Эктоплазматический вырост начал раскачиваться, как трава на ветру.

– Я знаю, что это шутка, но я ее не понимаю.

«Я тоже», – отметил про себя Друсс, но промолчал.

Перусы не менее странные, чем замины. Это невероятно любопытные паукообразные существа, Они напоминают пауков, любопытны и чрезвычайно привержены ритуалам. Живут колониями в трубодомах, которые действительно напоминают широкие дымоходы, поросшие изнутри огромными наростами грибниц, в мякоти которых перусы вырезают свои жилые отсеки. Трубодома не имеют крыш, естественный свет проникает внутрь, освещая сады, устроенные на дне этих сооружений. В этих садах перусы выращивают свои биотрические лианы и откладывают яйца, из которых выводятся следующие поколения перусов. Эти существа – любознательные исследователи, способные вступать в симбиотические отношения с растениями. Они упорно систематизируют мир, поэтому среди них можно встретить приверженцев самых различных теорий, объясняющих устройство реальности, зачастую противоречащих друг другу. Однако не в этом причина непостижимости их существования. Непреодолимым барьером является принципиально иное строение их организмов, а следовательно, несколько иной способ взаимодействия с миром.

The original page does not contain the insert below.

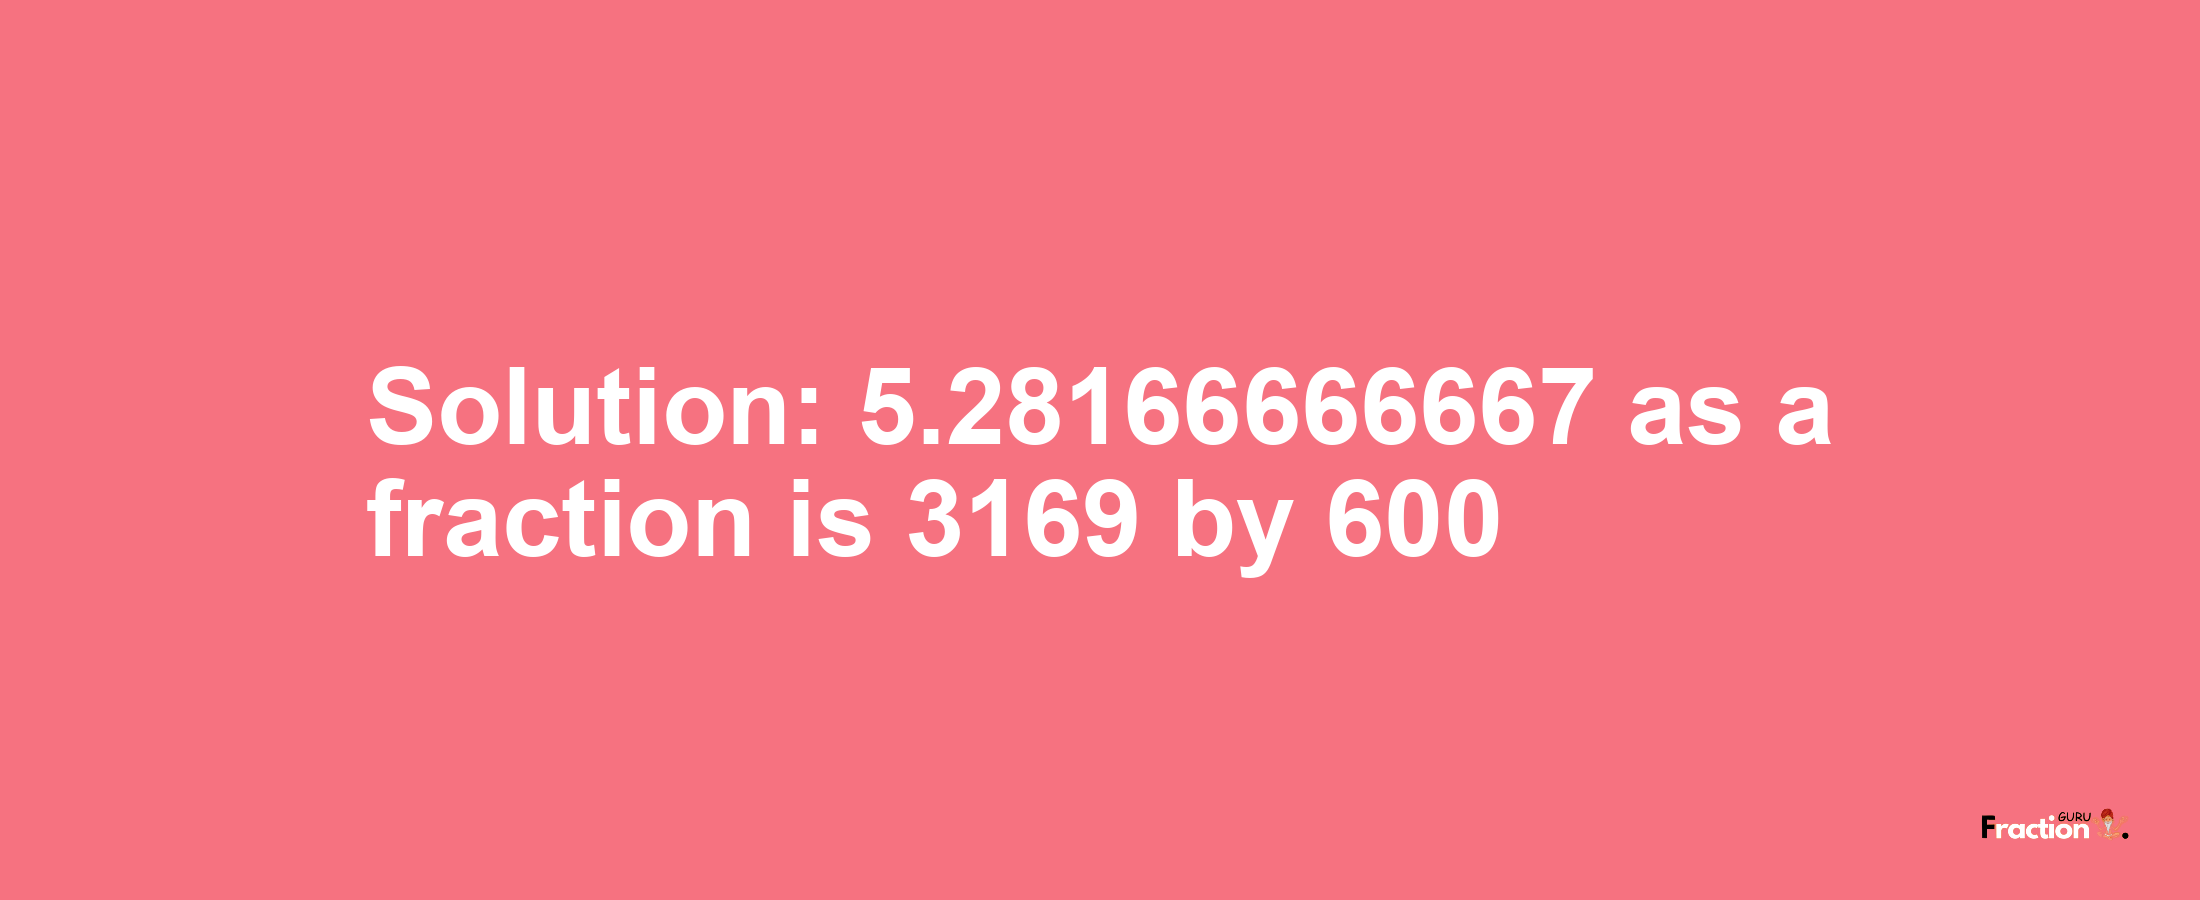 Solution:5.28166666667 as a fraction is 3169/600

Они не питаются так, как люди или замины. Перусы поглощают пищу через кожу. Они буквально сидят на еде, имеющей консистенцию текучей суспензии или жидкой кашицы. Конечно, это сопровождается сложным ритуалом, который никто, кроме них самих, не понимает. Еще более загадочным является церемониал удаления экскрементов, которые выходят из их организма через эктоплазматический вырост. Этот процесс связан с серьезными запретами и табу, но, как утверждает Менур, это наиважнейшая религиозная практика в жизни каждого перуса. Больше он ничего не согласился выдать. Можно предположить, что это имеет какое-то отношение к спинным железам перусов, вырабатывающим крепкие волокна, похожие на паутинные нити, но способные выполнять функции дополнительных органов чувств и внешних резервуаров памяти.

Может показаться, что органически Друсс находится намного ближе к заминам, нежели к перусам, но это лишь кажущаяся близость. Обманчивая. Он был, есть и всегда будет здесь совершенно чужим существом. Друсс вздохнул и взглянул на небо, где солнце медленно приближалось к зениту, и произнес:

– Мой отец преодолел долгий путь, чтобы добраться до Линвеногра, хотя даже понятия не имел, что такой город существует. Я рассказывал вам об этом?

– Нет, – ответил Тенан, а Хемель подтвердил кивком головы.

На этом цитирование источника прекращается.